#100WomenNovelists of the 20th Century: Elizabeth Bowen

Blog Post 8: The Heat of the Day (1948)


That Sunday, from six o’clock in the evening, it was a Viennese orchestra that played. The season was late for an outdoor concert; already leaves were drifting on to the grass stage – here and there one turned over, crepitating as though in the act of dying, and during the music some more fell.

‘The Heat of the Day’ is perhaps one of the greatest novels of the Second World War. It  has been somewhat neglected of late and I’m wondering why. Bowen’s work has been both favourably and unfavourably compared to Graham Greene’s ‘Brighton Rock’ in terms of its noir aspect and also to ‘The End of the Affair’ with its matter of the heart. It is an atmospheric read, full of images of ghosts and haunting, perfectly encapsulating the exhausting terror and monotony of the Blitz. The relentless bleakness, the disheartening rationing, the long dull hours, the always-present possibility and randomness of death, the specific details, all these remind me of Patrick Hamilton’s also-neglected novel ‘The Slaves of Solitude’ (1947). Both novels ask the question: do we really know who anyone is?

Again, as with several other books in this series, ‘The Heat of the Day’ has semi-autobiographical elements: the younger lover, the Anglo-Irish heritage, the government job, the bombed-out flat near Regent’s Park, the sense of displacement and transience. It covers a two year period from September 1942 to 1944, the darkest of times for war-torn London and Britain. The dark is a powerful symbol in this novel. Fear lurks at night; daybreak brings hope.

Most of all the dead, from mortuaries, from under cataracts of rubble, made their anonymous presence – not as today’s dead but as yesterday’s living – felt through London.
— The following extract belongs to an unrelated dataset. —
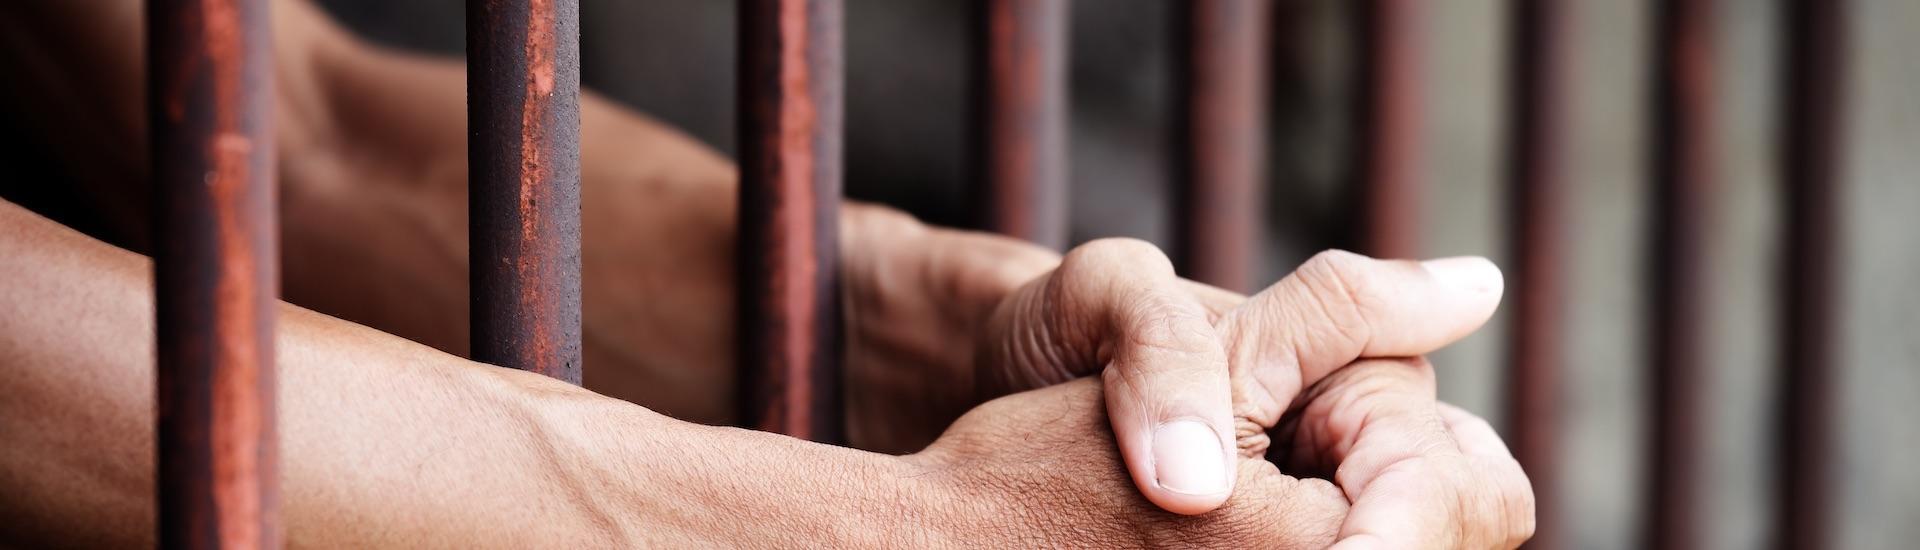 Hands In Prison Bars

Bowen’s style is mostly elegant, almost Jamesian. It is certainly not a quick read; it is rich and full and needs much concentration. But there is something off-kilter and awkward about her writing, as if the missing articles and verbs and odd speech patterns somehow reflect the out-of-the-ordinariness of war. The empty streets, the bombed-out buildings, the smoke, the dust, the dirt, the sirens, the fire, the ack-ack noise and the falling of bombs, all these allow people to live in the shadows, to conduct illicit affairs, to take chances, because tomorrow might not be there for them. The stilted language and the odd conversations make the form of this novel reflect its content.

If you enjoyed ‘The Night Watch’ by Sarah Waters, you should give this much earlier book a go. But give yourself some time and space and you will be rewarded.